The present disclosure may buffer all matrix elements in the first matrix in the second register of each compute unit with one clock cycle.

S301, providing each matrix element in the second matrix to each computing unit according to a second preset direction.

Optionally, the second preset direction in the present disclosure may be the z direction. It is assumed that the second matrix b can be expressed as follows:

The 16 data of b00 to b33 are supplied to the calculation unit shown in fig. 4 and 5 as follows:

b00 is provided to a second register of the computing units m000, m100, m200 and m 300;

b01 is provided to a second register of the computing units m001, m101, m201 and m 301;

b02 is provided to a second register of the computing units m002, m102, m202 and m 302;

b03 is provided to a second register of the calculation units m003, m103, m203 and m 303;

b10 is provided to a second register of the computing units m010, m110, m210 and m 310;

b11 is supplied to the second registers of the calculation units m011, m111, m211, and m 311;

b12 is provided to a second register of the calculation units m012, m112, m212 and m 312;

b13 is supplied to the second registers of the calculation units m013, m113, m213 and m 313;

b20 is provided to a second register of the calculation units m020, m120, m220 and m 320;

b21 is provided to a second register of the calculation units m021, m121, m221 and m 321;

b22 is provided to a second register of the calculation units m022, m122, m222 and m 322;

b23 is provided to a second register of the calculation units m023, m123, m223 and m 323;

b30 is provided to a second register of the calculation units m030, m130, m230 and m 330;

b31 is provided to a second register of the calculation units m031, m131, m231 and m 331;

b32 is provided to a second register of the computing units m032, m132, m232 and m 332;

b33 is provided to the second registers of the calculation units m033, m133, m233 and m 333.

The present disclosure may provide all matrix elements in the second matrix to each computing unit separately using one clock cycle.

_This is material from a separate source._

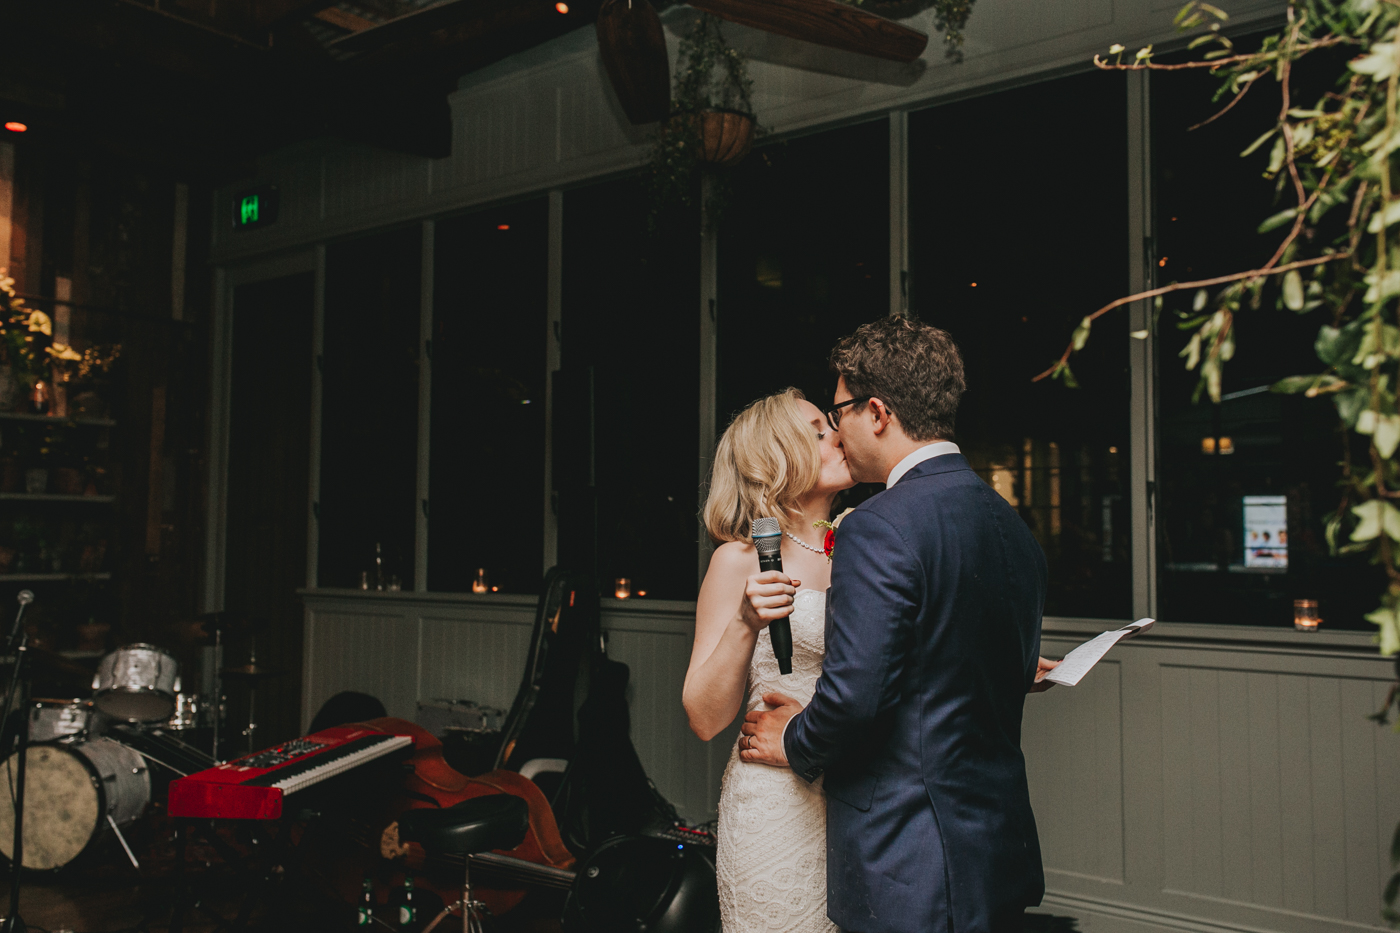 Jo & Tom Wedding - The Grounds of Alexandria - Samantha Heather Photography-353.jpg

S302, performing third operation on matrix elements in a second register of each calculation unit and the matrix elements transmitted according to a second preset direction, performing fourth operation on third operation results and output of corresponding calculation units in the previous row, and outputting fourth operation results.

Optionally, the present disclosure may perform multiplication operation on matrix elements in the second register of each computing unit and matrix elements transmitted according to the second preset direction, where each computing unit may obtain a multiplication operation result. Each of the calculation units in the present disclosure may perform an addition operation on the multiplication operation result outputted by it and the output of the corresponding calculation unit in the previous row thereof (if one calculation unit does not have the previous row, the calculation unit may directly output the multiplication operation result thereof), so that the present disclosure may obtain matrix multiplication operation results of the first matrix and the second matrix.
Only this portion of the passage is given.